This is the house he grew up in. His brother, Kevin, lives here now. He just had this garage built. It’s kind of swampy back in that corner. But for the most part, this is it, you know. In Warren you could get a decent job, either at the GM plant or at Packard Electric. You got one of those jobs, you could afford a little house to raise your kids in. There were blacks and there were whites here in the Palmyra Heights section. You grew up knowing which you were, but you grew up wondering why it mattered, since everyone had more or less the same basic job and the same basic house.

Him and Kevin, they shared the room with that window right there. Kevin is two years older. Kevin had allergies. He was all brains, you could say. Korey was brains, too, but a different kind. Korey had a certain philosophicalness to his being. His main thing was, he just wanted to do what he wanted to do. This, you might say, was at the root of his philosophy.
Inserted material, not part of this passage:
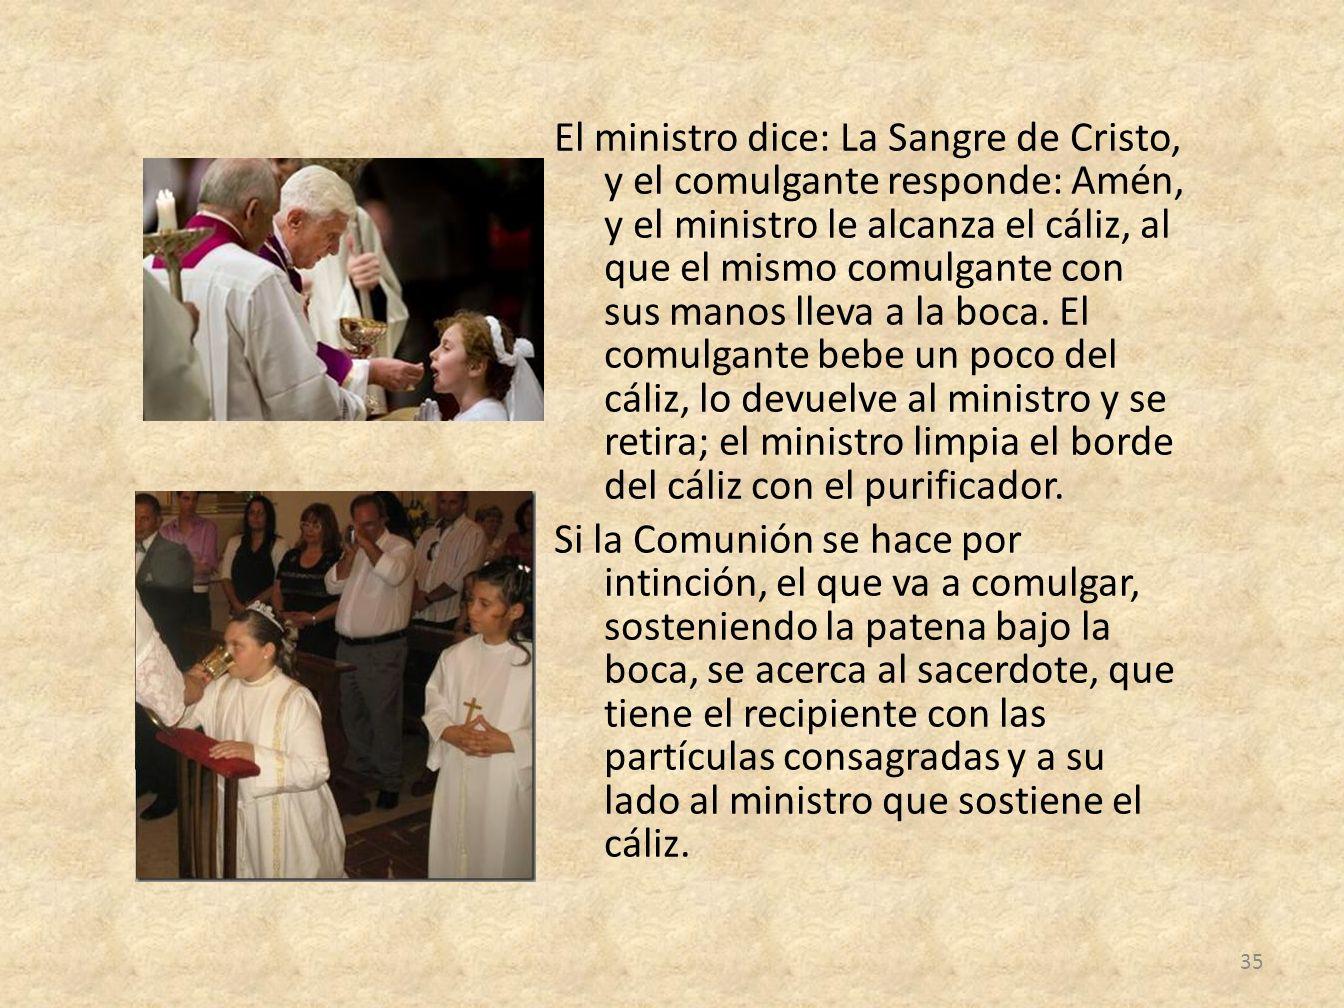 El ministro dice: La Sangre de Cristo, y el comulgante responde: Amén, y el ministro le alcanza el cáliz, al que el mismo comulgante con sus manos lle

Okay, Chris and Grady lived right here. And Shug and Shawn there. And Michael and Terrence. Clarence and Junie. Jermaine and Elbert. Clyde and Mitchell right there. Kevin and Toot. Popeye, Trevor, and CC. It seemed like every house had boys his age in it to play with. Baseball was Korey’s main sport coming up. He was a natural athlete, good at anything he played, one of those kids who could hypnotize you with his power and rhythm and flow. His mom would not let him play football until he reached junior high school, which was kind of ridiculous when you consider football was everything in Warren, Ohio. Like in the old days when his father was born, like, if a baby boy was born, they’d give him a small miniature football at the hospital. Yeah. That tells the story right there.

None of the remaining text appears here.